U.S. Airlines Extend Profit Streak to 14 Consecutive Quarters

The United States’ 25 domestic commercial airlines that offer scheduled passenger service have continued a strong run of profitability. According to data released by the U.S. Bureau of Transportation Statistics for the third quarter of 2016, the group posted profits for the 14th consecutive quarter, with combined net earnings of $3.8 billion for the period.

These carriers have now reported positive results for three and a half years. Pre-tax operating profits for the group increased as well, marking the 22nd straight quarter of growth in that metric. Passenger fares generated $33.3 billion in revenue during the third quarter, representing 75.1 percent of total operating revenue for the period.
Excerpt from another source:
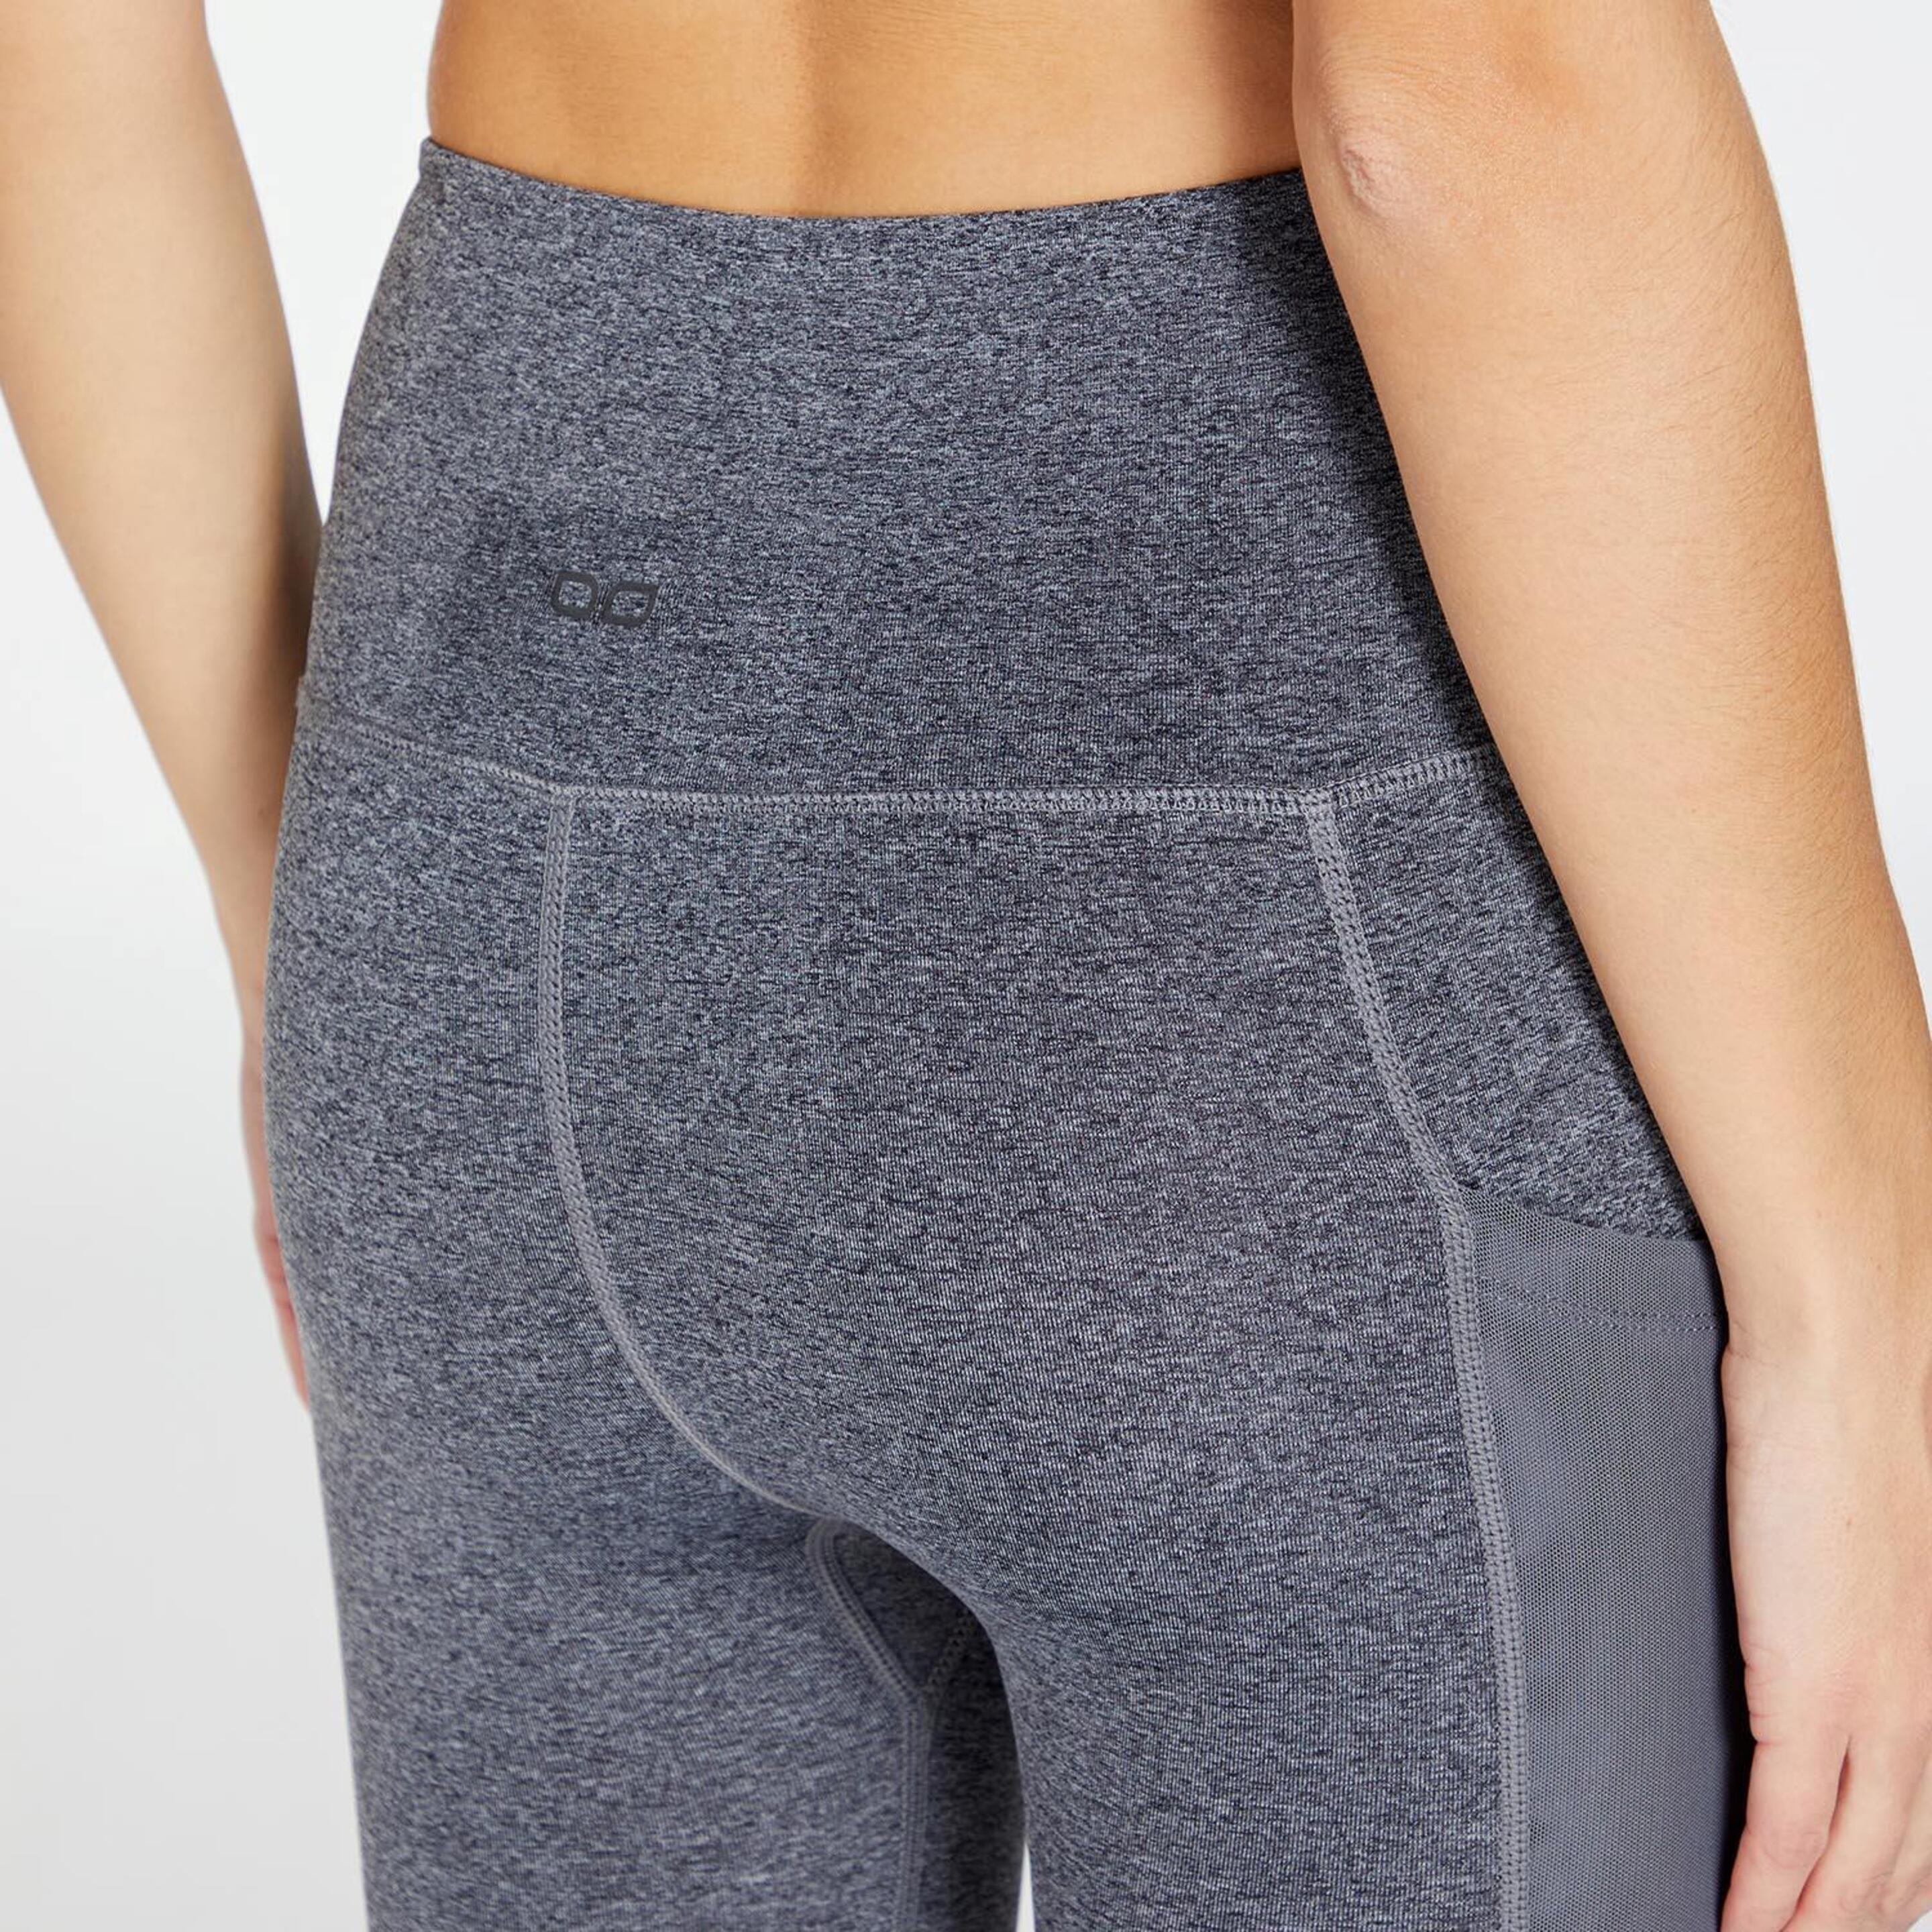 Doone Supportive - Gris - Mallas Fitness Mujer

Lower fuel prices have been a major contributor to the industry’s improved financial performance. In the third quarter, fuel expenses remained under 20 percent of total costs, totaling $6.1 billion—about 16.4 percent of overall operating expenses. Total operating expenses for all passenger airlines in that quarter were $37.2 billion. Labor remained the largest single cost component, at $12.7 billion or 34.3 percent of expenses.

Ancillary charges also added to the bottom line. Airlines collected $1.1 billion in baggage fees and $731 million in reservation change fees during the third quarter, helping to bolster overall profitability.